Le « Reporter » à la veuve du Martyr.

Une souscription était en même temps ouverte dans ses colonnes, afin de mettre madame Bobby à l’abri du besoin. Le journal s’inscrivait pour mille francs.

En même temps, le Nouvelliste, qui n’entendait plus se laisser distancer, faisait appel à tous les journalistes, à tous les intellectuels, pour que fût élevé à la mémoire de Labergère, le héros du reportage, un monument dont l’exécution fut confiée au grand Rodin. On rêvait une statue rappelant le Moïse de Michel-Ange, dont les cornes électriques symboliseraient la nature de l’accident où il avait péri.

Il n’était que Sir Athel Random dont nul ne se préoccupât. Après tout, il était le véritable auteur responsable de la catastrophe. Déjà, de ses prétendues inventions, John Coxward avait été la première victime ; et voici que ses fantaisies pseudo-scientifiques avaient encore causé la mort de trois personnes.

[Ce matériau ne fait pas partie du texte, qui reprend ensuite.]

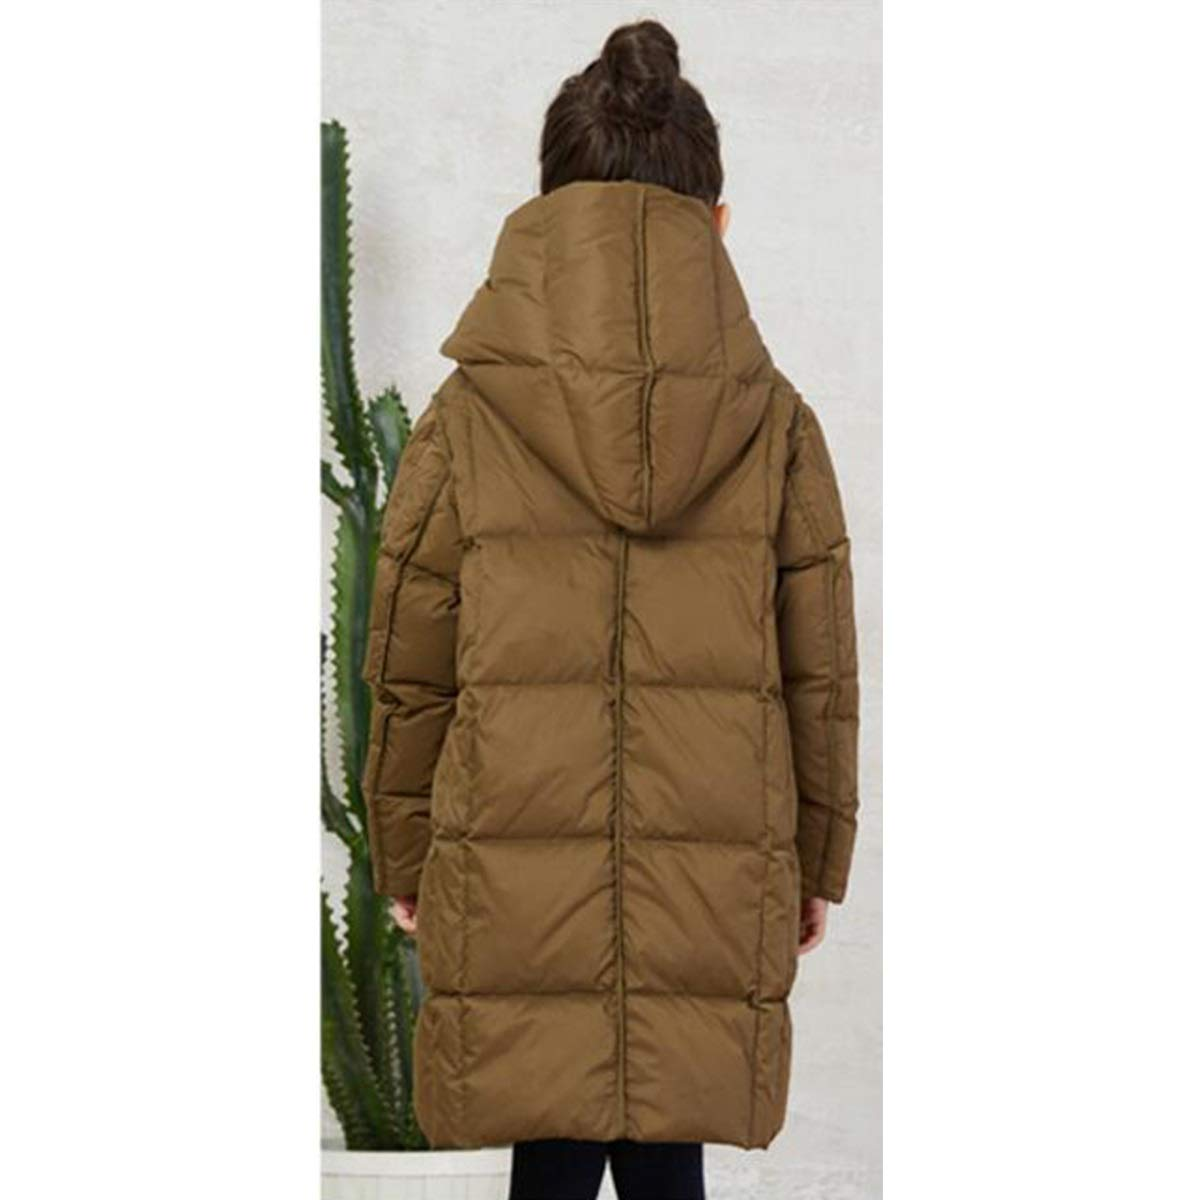 Gfsoediden Winter Long Jacket Toddler Girl Cotton Padded Hooded Coat Loose Outwear

Seul, Émile Gautier — le chroniqueur scientifique — élevait la voix en sa faveur et, dans un article sérieusement documenté, exposait la théorie des terres rares et du Vrilium. L’avenir réhabilitera Sir Athel, victime irresponsable d’un accident, tout à fait indépendant de sa volonté, et dû seulement à l’incurie de l’édilité parisienne. Suivait une charge à fond de train sur les hauts fonctionnaires de la Préfecture de la Seine.

Vingt-quatre heures s’étaient déjà écoulées, quand on signala l’arrivée à Paris de miss Mary Redmore, la fiancée — hélas, déjà veuve — de Sir Athel Random.

La malheureuse jeune fille — qui portait à Sir Athel une profonde affection — avait voulu apporter l’hommage de son inconsolable douleur sur cette tombe effrayante où nul vestige ne rappelait plus le souvenir de celui qu’elle avait aimé.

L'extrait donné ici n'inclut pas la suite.